Exercise requirements:
Starting with the line that has "گیاه طبیعی کاکتوس" in the records below and stopping after the line that has "Смартфон Microsoft Lumia", output every line exactly and nothing else; skip pictures.

Data:

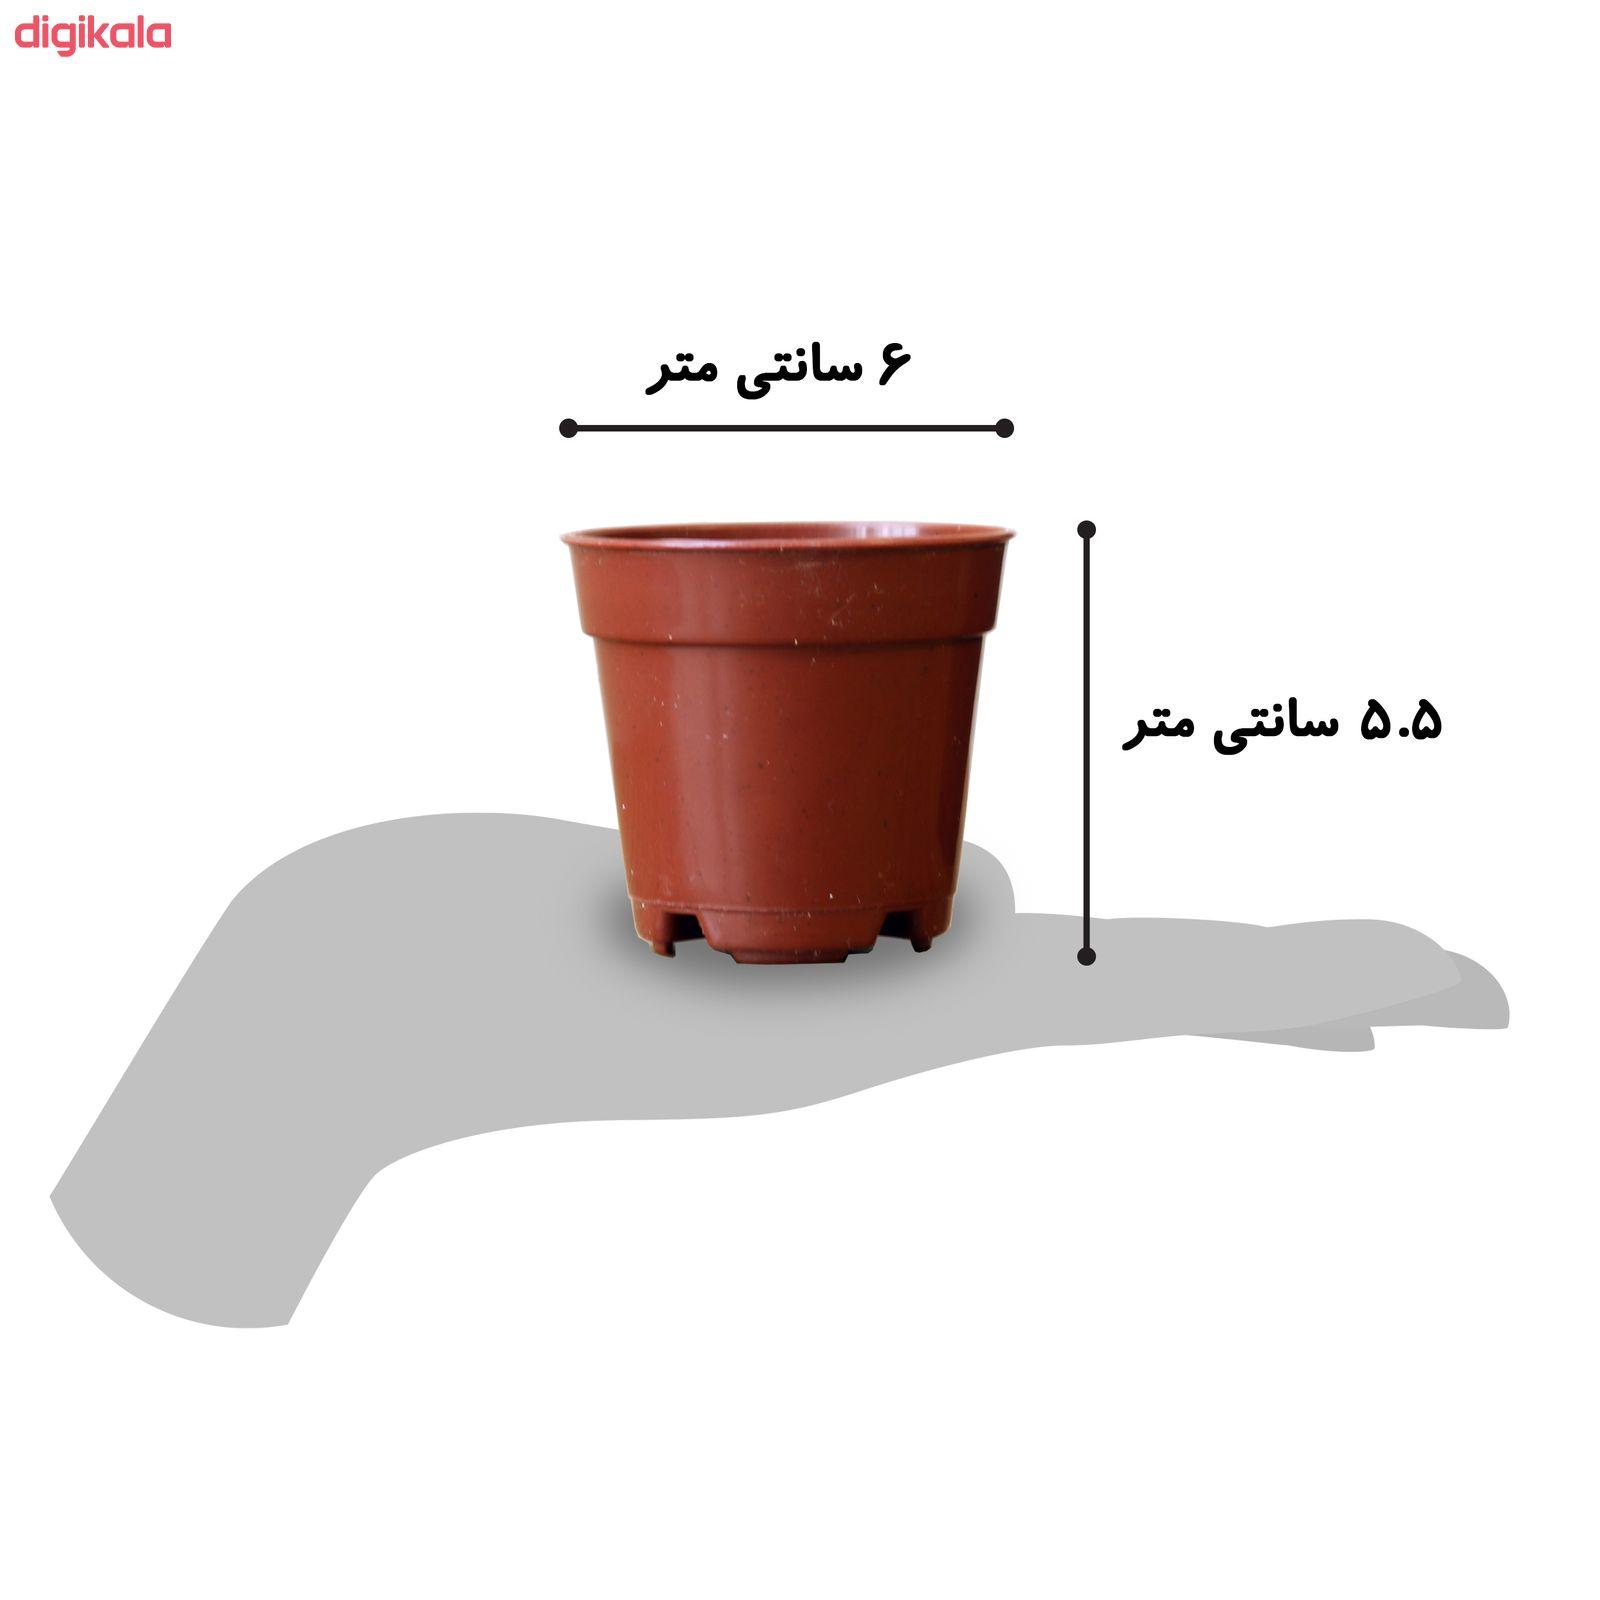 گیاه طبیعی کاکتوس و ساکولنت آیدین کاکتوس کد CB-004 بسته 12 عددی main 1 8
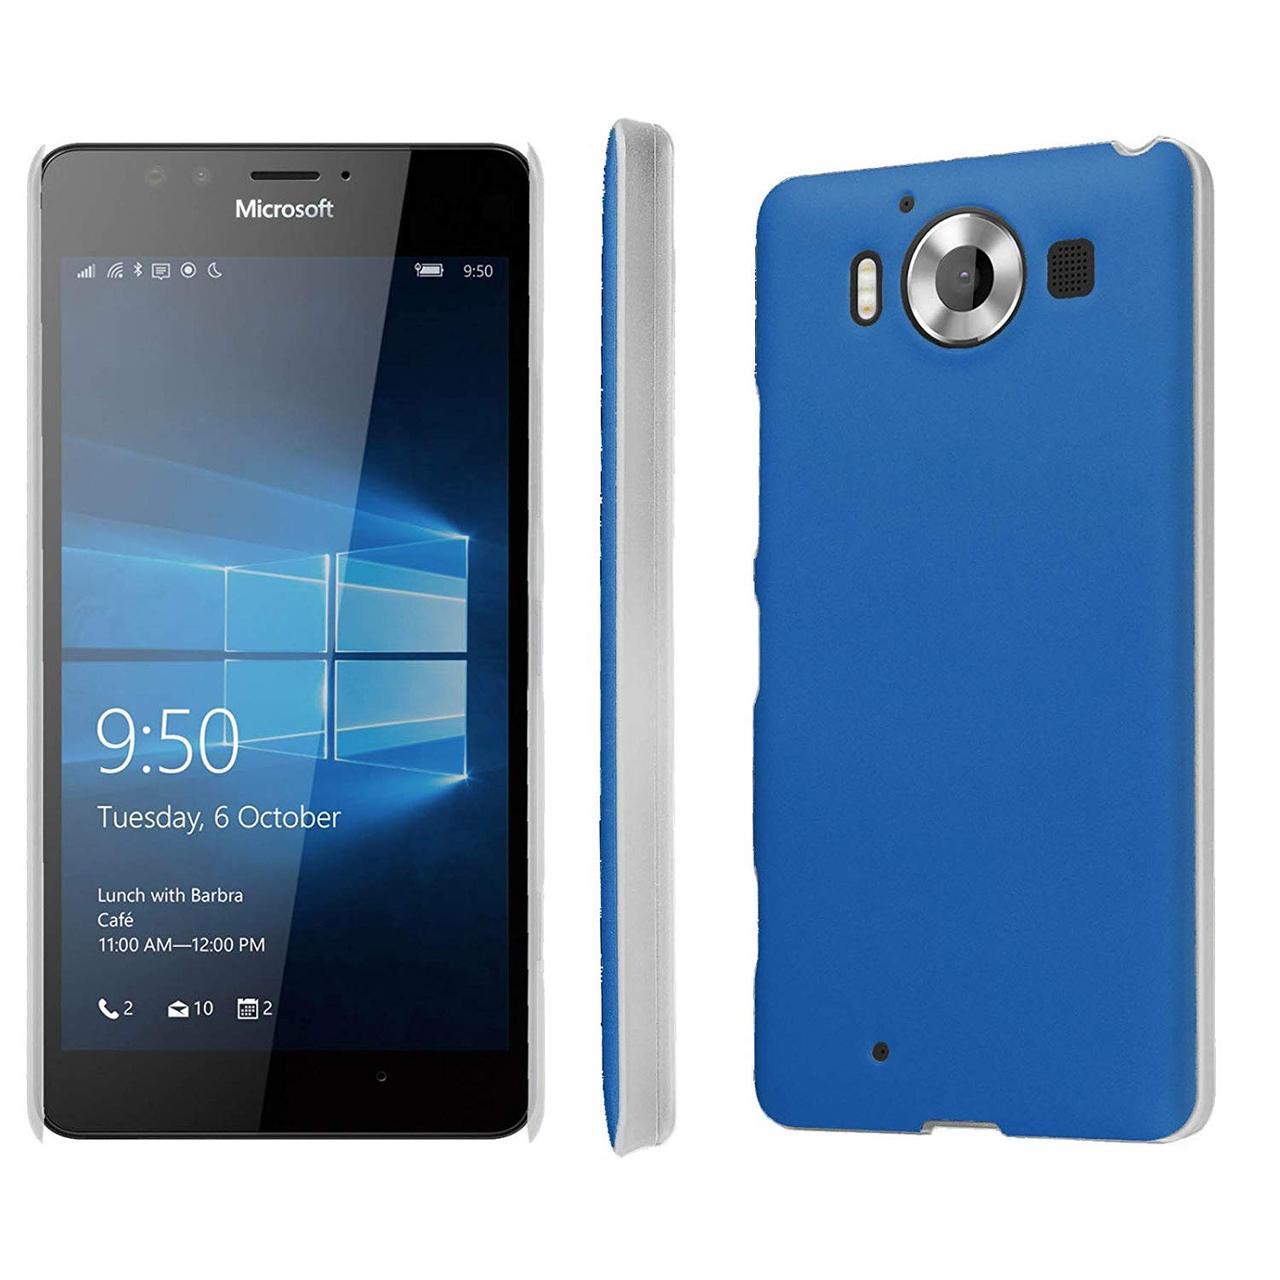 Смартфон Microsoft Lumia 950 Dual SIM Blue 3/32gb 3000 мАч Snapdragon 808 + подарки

* * *

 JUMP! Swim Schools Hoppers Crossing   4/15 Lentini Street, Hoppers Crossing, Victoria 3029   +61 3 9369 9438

Your response:
 گیاه طبیعی کاکتوس و ساکولنت آیدین کاکتوس کد CB-004 بسته 12 عددی main 1 8
 Смартфон Microsoft Lumia 950 Dual SIM Blue 3/32gb 3000 мАч Snapdragon 808 + подарки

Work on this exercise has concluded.